In interviews conducted with numerous defense attorneys and judges, the report finds that efforts to challenge evidence—or the lack of evidence—during trial are routinely dismissed by the judges, if acknowledged at all. One defense counsel, cited in the report, states that when he has questioned the validity of the evidence during trial, the standard response of Afghan judges has been, “Why would the Americans detain him then? The U.S. has nothing against this person unless he’s guilty.”
Also of concern, the report finds, is the possibility that statements that were the product of abuse of detainees while they were in U.S. custody—a practice documented by government, human rights and press reports—could inform the content of the files the U.S. government provides to the Afghan government.

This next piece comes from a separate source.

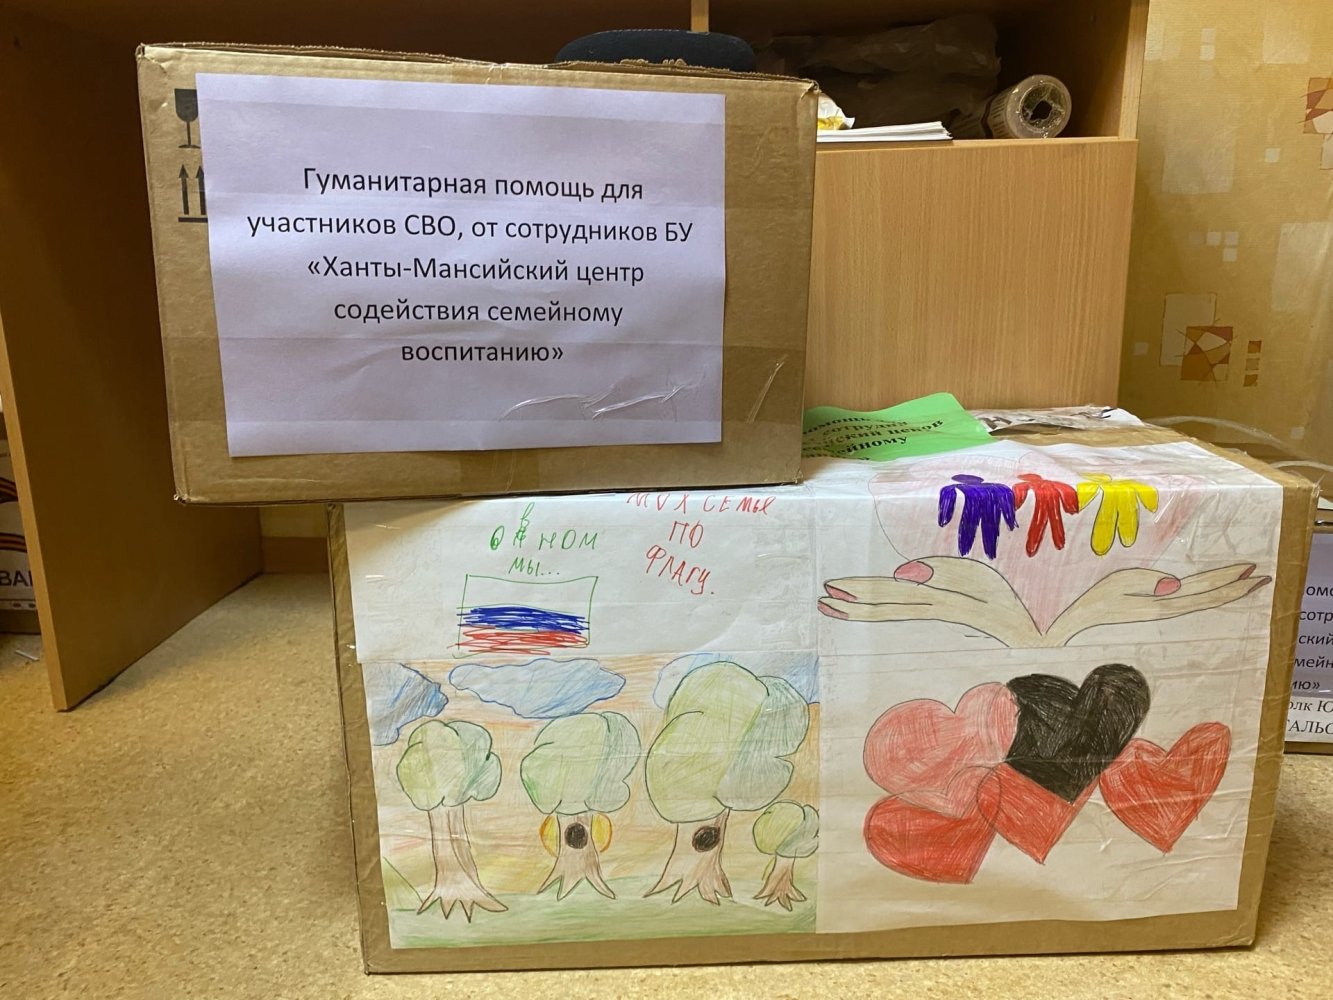 Ханты-Мансийский центр содействия семейному воспитанию присоединился к всероссийской акции #МЫВМЕСТЕ

Coerced evidence is inherently unreliable. The Afghan Constitution explicitly prohibits the introduction into evidence of statements obtained “by means of compulsion” and “recognizes a confession as voluntary only if taken before a judge.” Likewise, international law prohibits the use of evidence procured by torture, or by cruel, inhumane or degrading treatment, in all legal proceedings.
“Whether evidence was obtained through coercion or not is nearly impossible to prove, given the lack of accountability in the Afghan courts, and the impossibility of tracing the information to its source” said MuhammedAlly.
The trials of the Block D detainees began in October 2007 under a classified agreement reached two years earlier by the Afghan and U.S. government to transfer Afghan detainees in U.S custody to the Afghan government.
The United States is one of the largest donors to an international effort to reform Afghan’s courts and other justice sector institutions. “If the United States is committed to the worthy project of helping Afghanistan achieve rule of law, it must not encourage flawed criminal proceedings that are taking place solely because the United States accuses Bagram and Guantanamo detainees of wrongdoing, ” said MuhammedAlly.
The report calls on the U.S. and Afghan governments to take steps to ensure that prosecutions of these former U.S. detainees in Afghan courts are legitimate, and puts forward a number of recommendations.
The United States should make relevant witnesses available to assist in criminal prosecutions. The U.S. government has already put in place such a system in Iraq, where U.S. soldiers appear as witnesses and U.S. judge advocates train soldiers and marines in collecting evidence for criminal prosecution in Iraqi courts.
“The concept of providing U.S. soldiers and witnesses in such cases is not novel,” added MuhammedAlly. “The United States has alleged criminal activity by these detainees justifying detention for years. As the detaining and interrogating power it should provide evidence to support the allegations,” she said. “And the Afghan government has the clear legal obligation under Afghan and international law to require that persons convicted of crimes under Afghan law in Afghan courts be convicted on the basis of evidence.”
The Afghan government should comply with the Afghan criminal procedure code and international fair trial standards, including to require in-court witness testimony and allow the defendant the ability to challenge the evidence. “These detainees have been imprisoned by the U.S. for years without charges. They deserve to have their fates resolved in fair proceedings,” said MuhammedAlly.